Your task>
Reproduce exactly, and only, the lines of the material below running from the line bearing "Ariana & Tim" through the line bearing "Stanton home furnishings". Leave any pictures out.

#### Records for this task

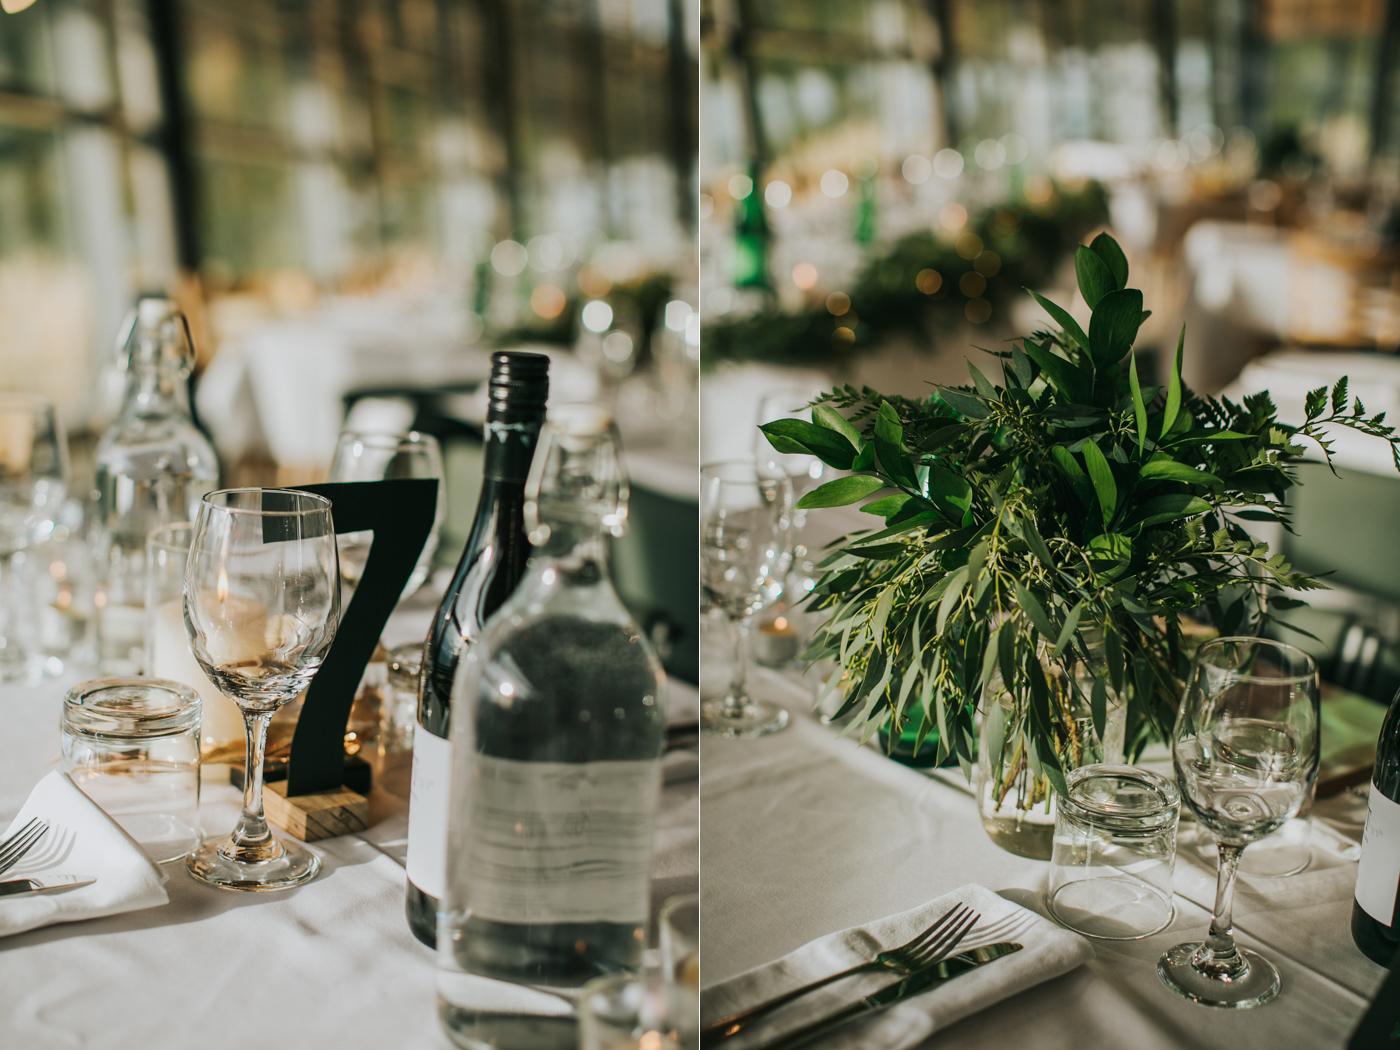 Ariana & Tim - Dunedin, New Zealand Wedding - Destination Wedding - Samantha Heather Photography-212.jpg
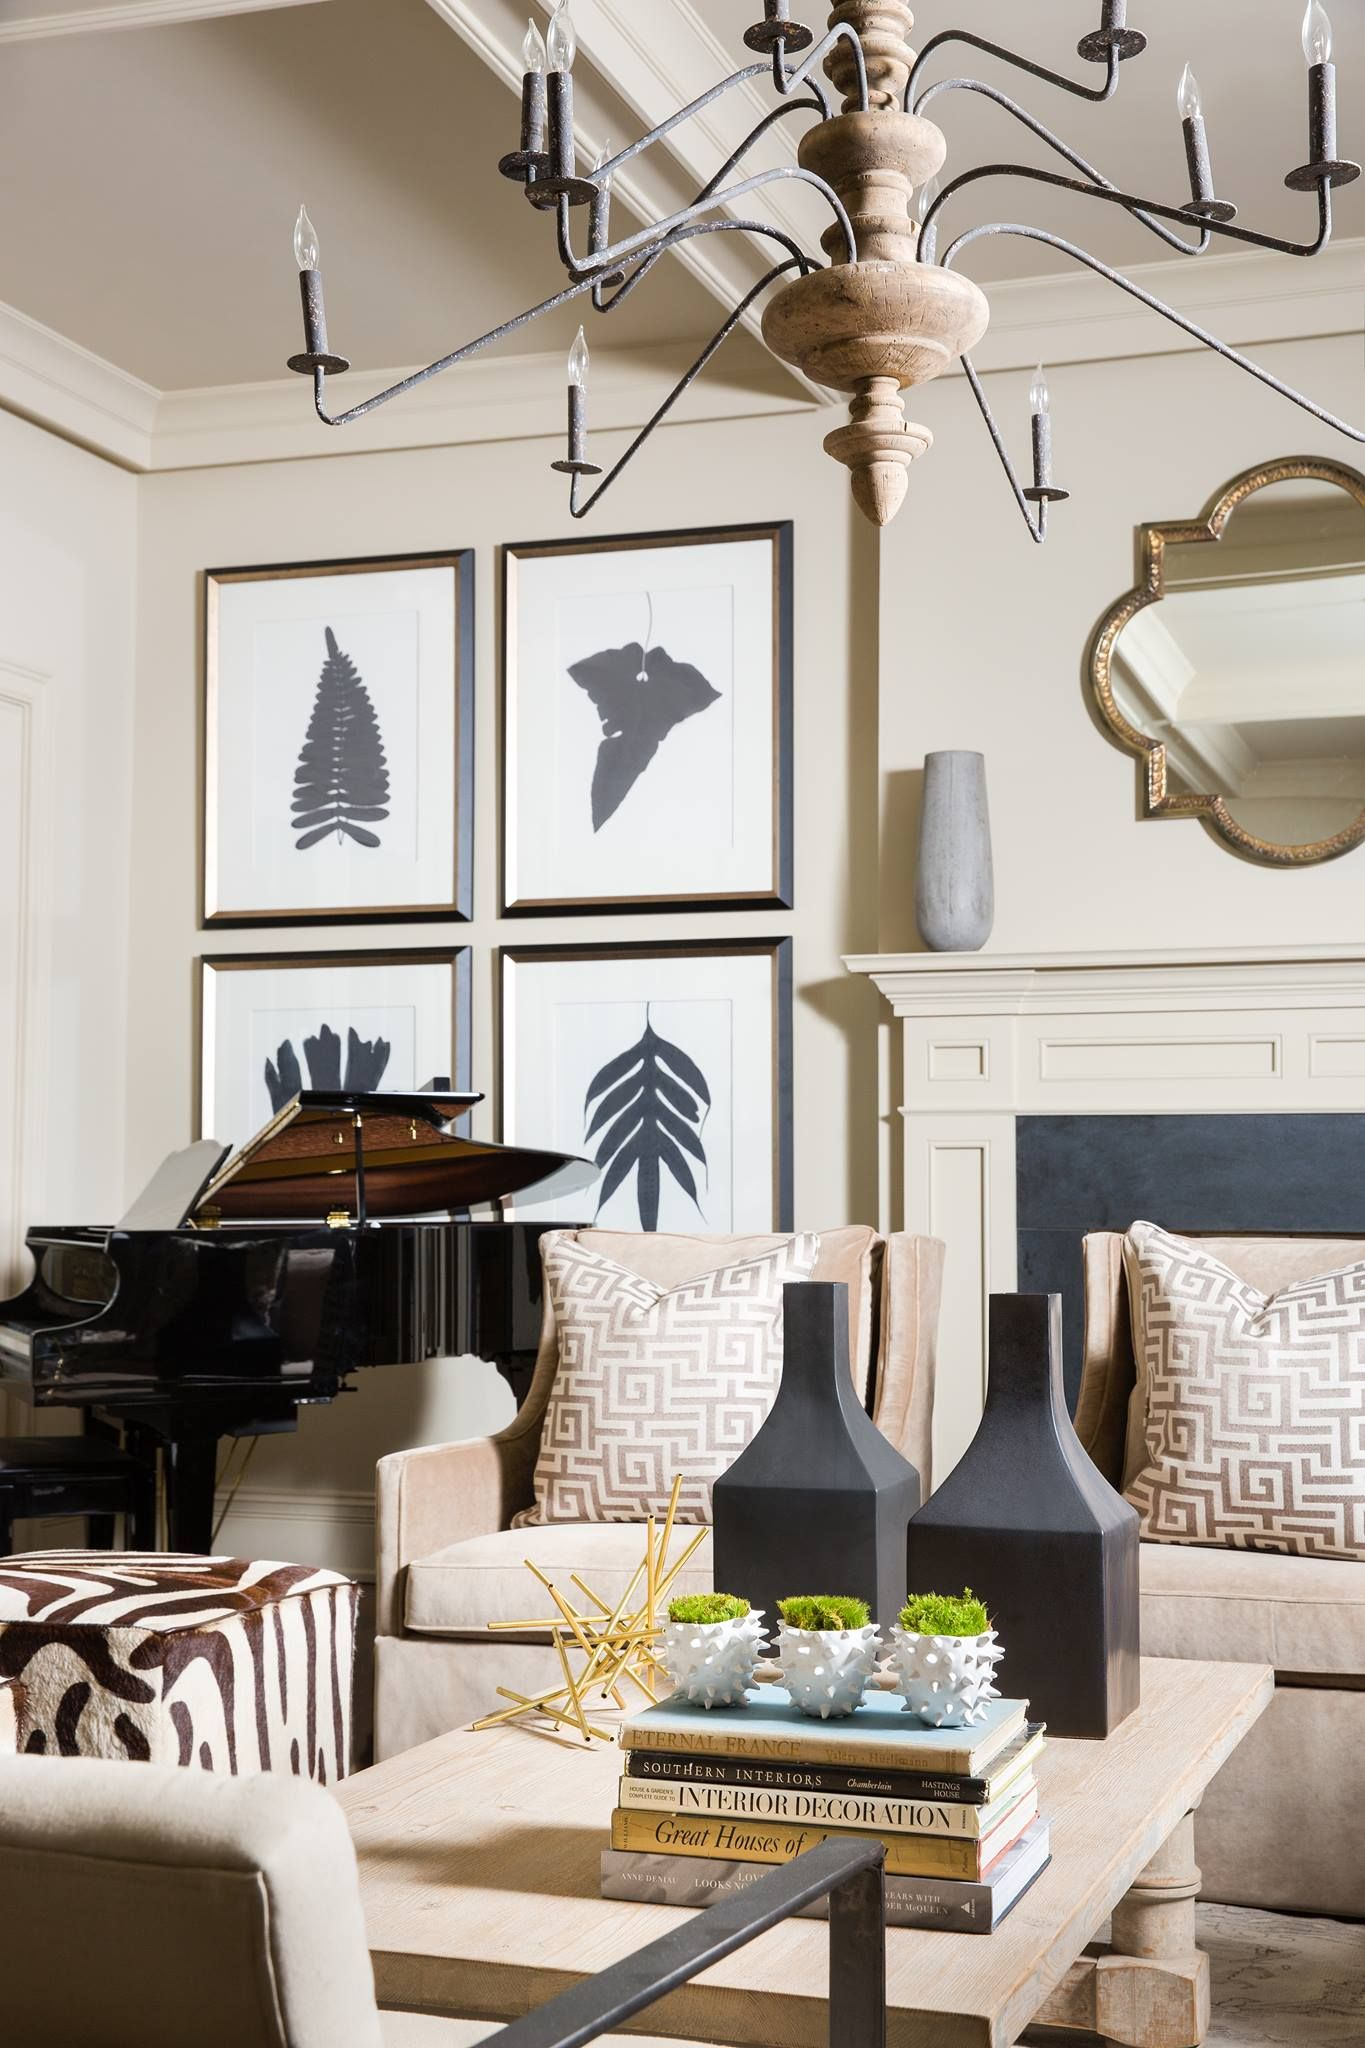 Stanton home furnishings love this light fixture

########
#### Records for this task

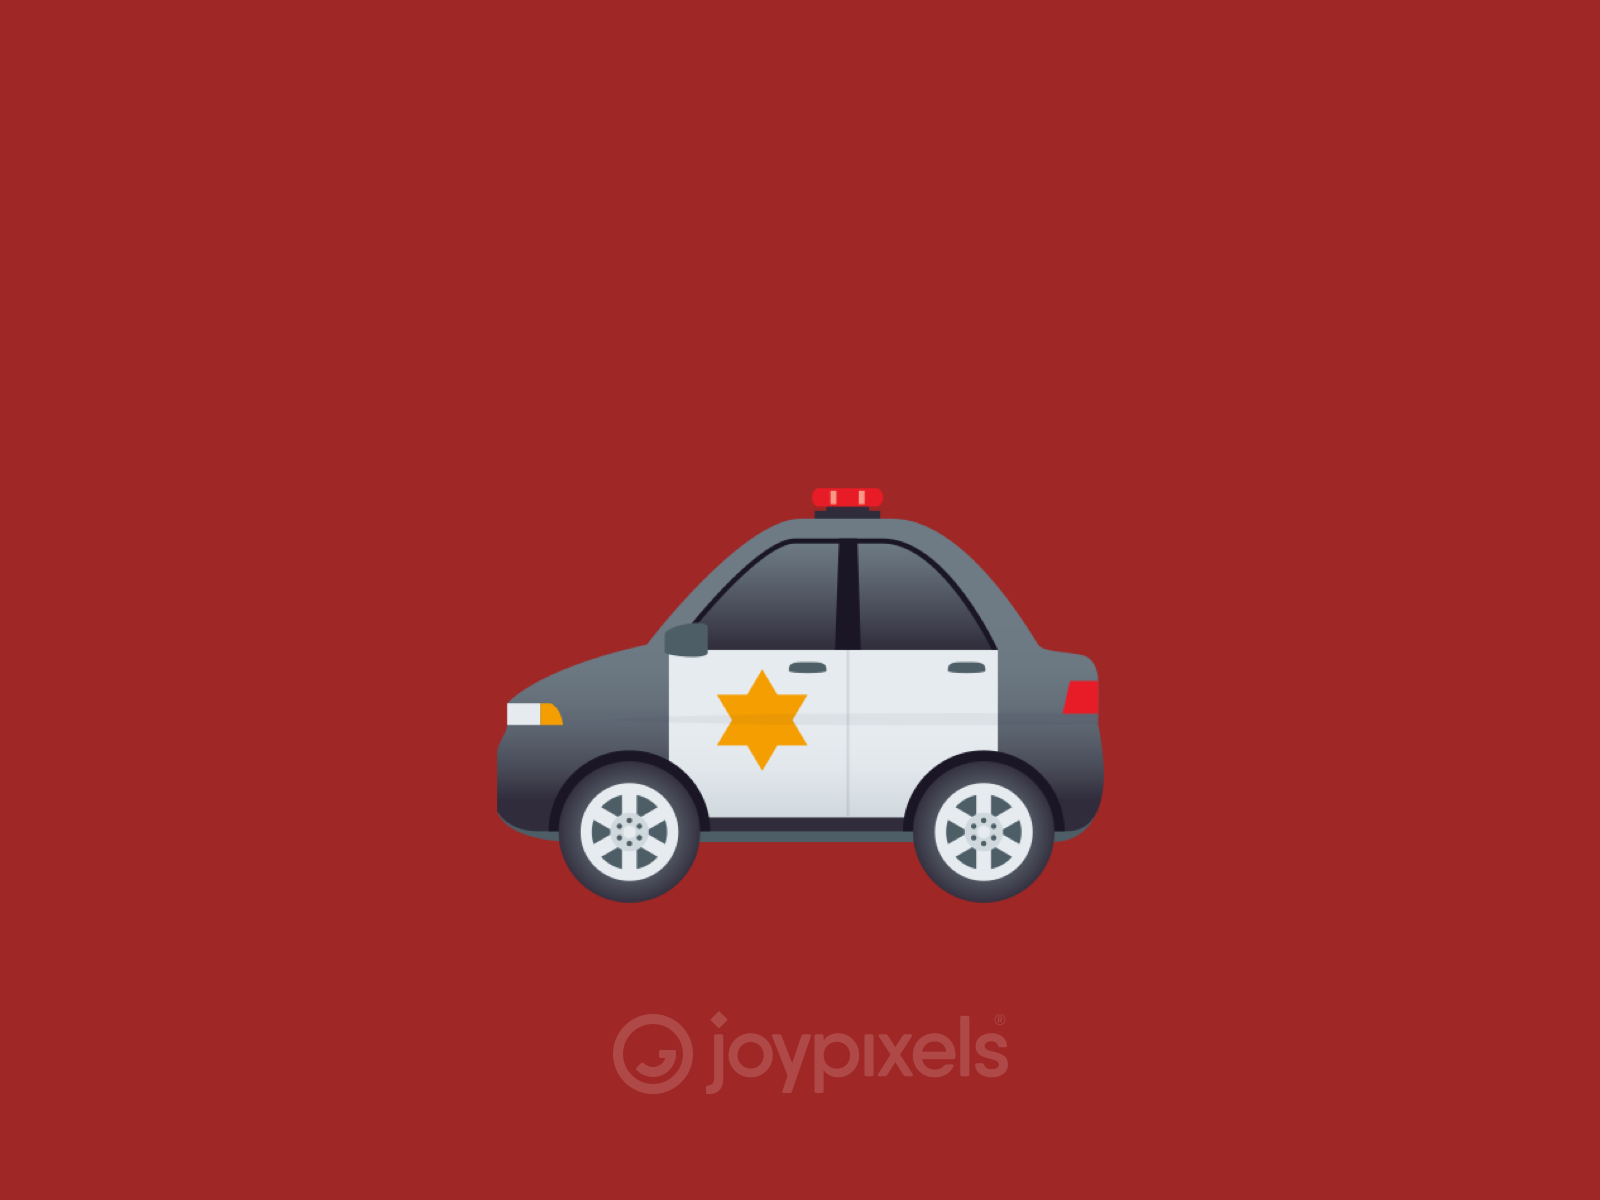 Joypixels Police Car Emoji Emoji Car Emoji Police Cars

########

Response>
 Ariana & Tim - Dunedin, New Zealand Wedding - Destination Wedding - Samantha Heather Photography-212.jpg
 Stanton home furnishings love this light fixture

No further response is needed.